There was further conflicting evidence as to the reasonableness of the medical charges introduced. Fajardo’s medical expert testified that all $52,420.52 she requested in past medical expenses were reasonable and necessary. Fuentes’s medical expert testified that Fajardo was charged more than what was reasonable for some medical services, and that other charges were for wholly unnecessary medical services.

 

The $14,000 in past medical damages awarded falls within the range of evidence presented at trial and that evidence provided a rational basis by which the jury could have reached its past damages award.
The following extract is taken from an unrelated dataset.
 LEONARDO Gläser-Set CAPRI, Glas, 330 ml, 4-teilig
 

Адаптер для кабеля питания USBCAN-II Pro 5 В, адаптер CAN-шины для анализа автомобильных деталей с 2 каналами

See, e.g., Houge v. Kroger Store No. 107, 875 S.W.2d 477, 481–82 (Tex.App.-Houston [1st Dist.] 1994, writ denied) (jury’s award of $10,884.70 in past medical damages when actual medical expenses exceeded $38,000.00 was supported by factually sufficient evidence because a reasonable jury could believe that plaintiff’s injuries were not fully attributable to accident in defendant’s store); see also Enright v. Goodman Distribution, Inc., 330 S.W.3d 392, 403 (Tex.App.-Houston [14th Dist.] 2010, no pet.) (jury’s award of $15,199.00 in past medical expenses when actual medical expenses were $106,927.52 was supported by factually sufficient evidence in light of physician’s testimony that accident was not cause of plaintiff’s entire injury and that much of his treatments and surgery were medically unnecessary); Wagner v. Taylor, 867 S.W.2d 404, 405 (Tex.App.-Texarkana 1993, no pet.) (jury’s award of $1,000 in past medical expenses when actual medical expenses were $2,968.53 was supported by factually sufficient evidence because jury was entitled to assess evidence and witness credibility in determining what amount of medical expense was necessary and fairly attributable to accident).

 

The jury’s award $14,000 in damages for past medical expenses was not against the great weight and preponderance of the evidence. We overrule Fajardo’s second issue.

 

CONCLUSION

We affirm the trial court’s judgment.